Q. A string is passing through a ring of mass $m$ as shown. The ring rotates in a horizontal plane of radius $r$ with a constant angular velocity. What should be the maximum speed of rotation so that the string does not get distorted?

1. $rg$
2. $\sqrt{rg}$
3. $\frac{r}{g}$
4. $\frac{g}{r}$

Q. If the earth goes around the sun in a circular orbit with a constant speed of 30 km/s, the instantaneous acceleration of the earth points towards the sun.

1. False
2. True

Q.

A body of mass 1 kg tied to one end of string is revolved in a horizontal circle of radius 0.1 m with a speed of 3 revolution/sec, assuming the effect of gravity is negligible, then linear velocity, acceleration and tension in the string will be

1. $1.88m/s,35.5m/s^2,35.5N$

2. $2.88m/s,45.5m/s^2,45.5N$

3. $3.88m/s,55.5m/s^2,55.5N$

4. None of these

Q. A cabin rotates on a smooth horizontal table with a uniform angular velocity $\omega$ in a circular path of radius $R$ (cabin is in a horizontal plane). A smooth path $\text{AB}$ is made inside the cabin as shown in figure. If a particle is released from $\text{A}$ to reach $\text{B}$ along the path $\text{AB}$, then find the time taken by the particle to reach point $\text{B}$, considering length of path $\text{AB}$ $=L$.
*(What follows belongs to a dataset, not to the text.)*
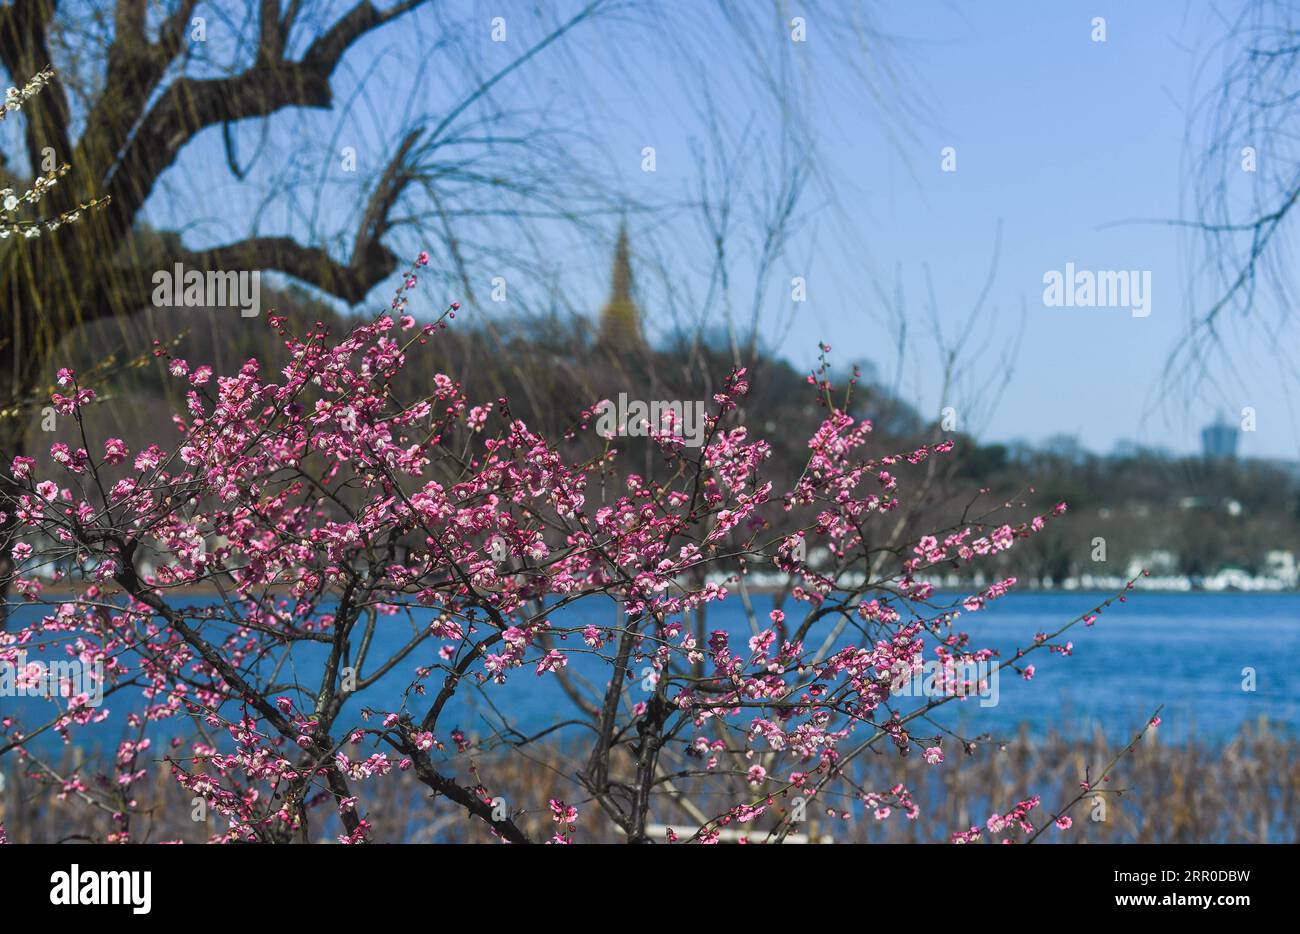 200810 -- HANGZHOU, 10. Aug. 2020 -- Foto vom 17. Februar 2020 zeigt Pflaumenblüten in einem Park des malerischen West Lake in Hangzhou, der ostchinesischen Provinz Zhejiang. Die Kulturlandschaft des West Lake in Hangzhou, umrahmt von wolkenbedeckten Hügeln auf drei Seiten und aufgeteilt in mehrere Teile durch malerische Dämme, präsentiert eine zarte Landschaft mit sich überlappenden Gipfeln und verstreuten Tempeln, Pagoden, Pavillons, Gärten, Zierbäumen, und künstliche Inseln, die der Stadt Hangzhou Schönheit verleihen. Es wurde vom Weltkulturerbe-Komitee in die UNESCO-Liste des Weltkulturerbes aufgenommen Stockfoto
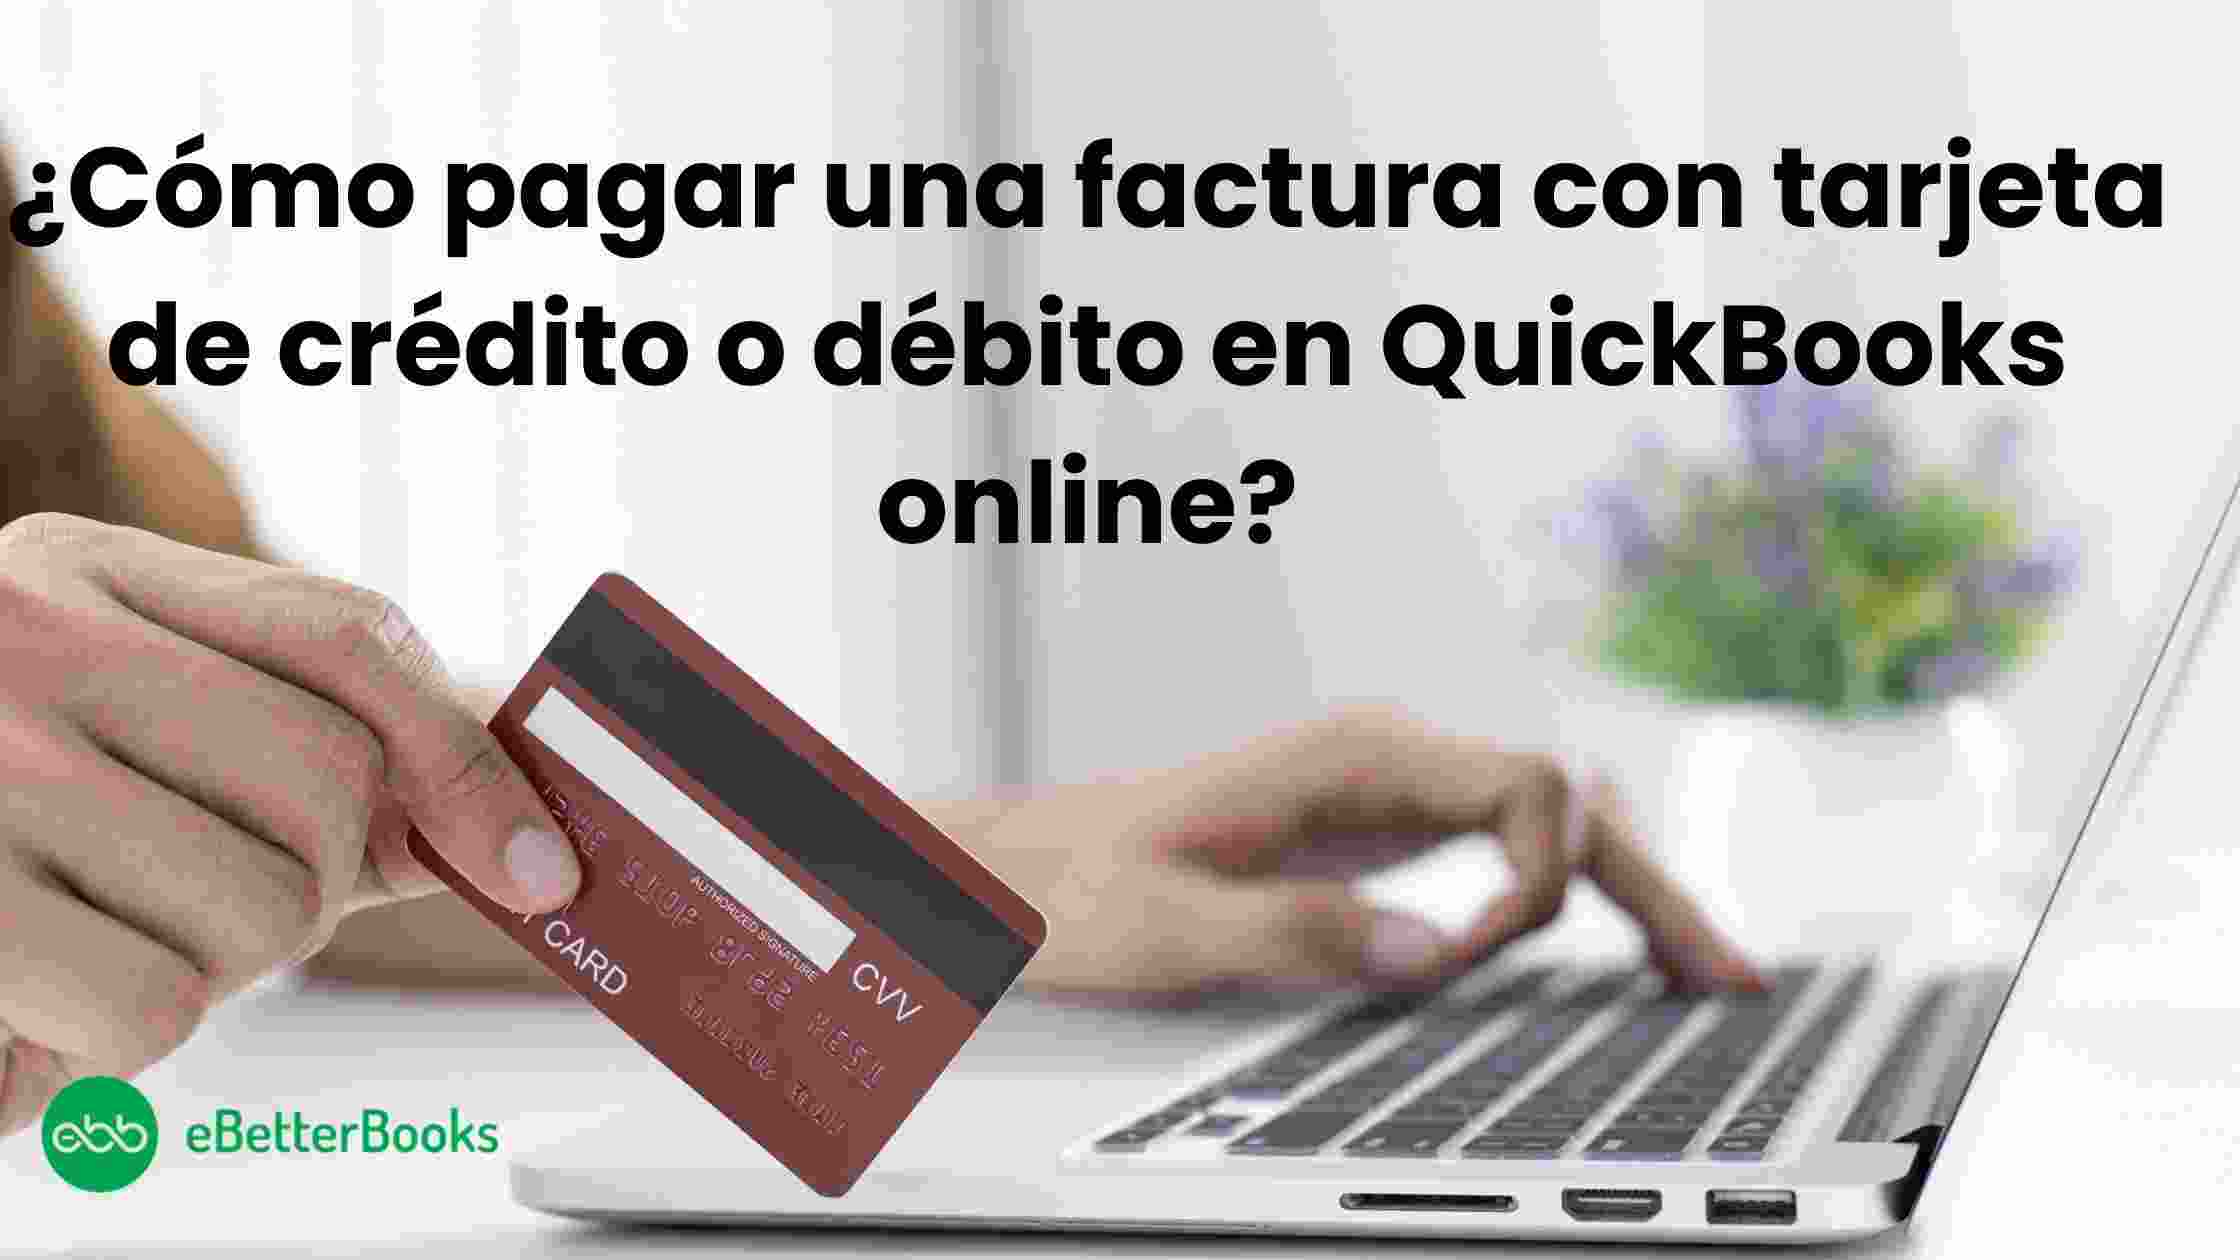 ¿Cómo pagar una factura con tarjeta de crédito o débito en QuickBooks online?

1. $\frac{ln(1+\frac{R\cos \theta }{L})}{\omega }$
2. $\frac{ln(1+\frac{L\cos \theta }{R})}{\omega \sqrt{\sin \theta }}$
3. $\frac{ln(1+\frac{L\cos \theta }{R})}{\omega \sqrt{\cos \theta }}$
4. $\frac{ln(1+\frac{R\cos \theta }{L})}{\omega \sqrt{\cos \theta }}$

Q. Two protons of masses $1.6\times {10}^{-27}\text{kg}$, goes round in a concentric circular orbits of radii $0.50\text{nm}$ and $1\text{nm}$ experience centripetal forces in the ratio of $1:4$, then the ratio of frequency of revolution of the protons is (Assume no force of interaction between protons )

1. $1:2$
2. $2:1$
3. $1:\sqrt{2}$
4. $\sqrt{3}:1$

Q. A pilot of mass $\text{75 kg}$ in a jet aircraft executes a loop with a constant speed of $\text{360 km/hr}$. If the radius of the loop is $\text{200 m}$, the force exerted by seat on the pilot at the top of the loop is $(\text{Take}g=10{\text{m/s}}^2)$

1. $3750\text{N}$
2. $4485\text{N}$
3. $3000\text{N}$
4. $5843\text{N}$

Q.

If a cycle wheel of radius 4 m completes one revolution in two seconds. Then acceleration of a point on the cycle wheel will be

1. ${\pi }^{2}m/s^2$

2. $2{\pi }^{2}m/s^2$

3. $4{\pi }^{2}m/s^2$

4. $8\pi m/s^2$

Q.

A mass of 2 kg is whirled in a horizontal circle by means of a string at an initial speed of 5 revolutions per minute. Keeping the radius constant the tension in the string is doubled. The new speed is nearly

1. 14 rpm

2. 10 rpm

3. 2.25 rpm

4. 7 rpm

Q. A particle moves with deceleration along the circle of radius $R$ so that at any moment of time its tangential and centripetal accelerations are equal in moduli. At the initial moment $t=0$, the speed of the particle equals $v_0$. Then

The speed of the particle as a function of the distance covered $s$ will be

1. $v=v_0{e}^{-\frac{s}{R}}$
2. $v=v_0{e}^{\frac{s}{R}}$
3. $v=v_0{e}^{-R/s}$
4. $v=v_0{e}^{R/s}$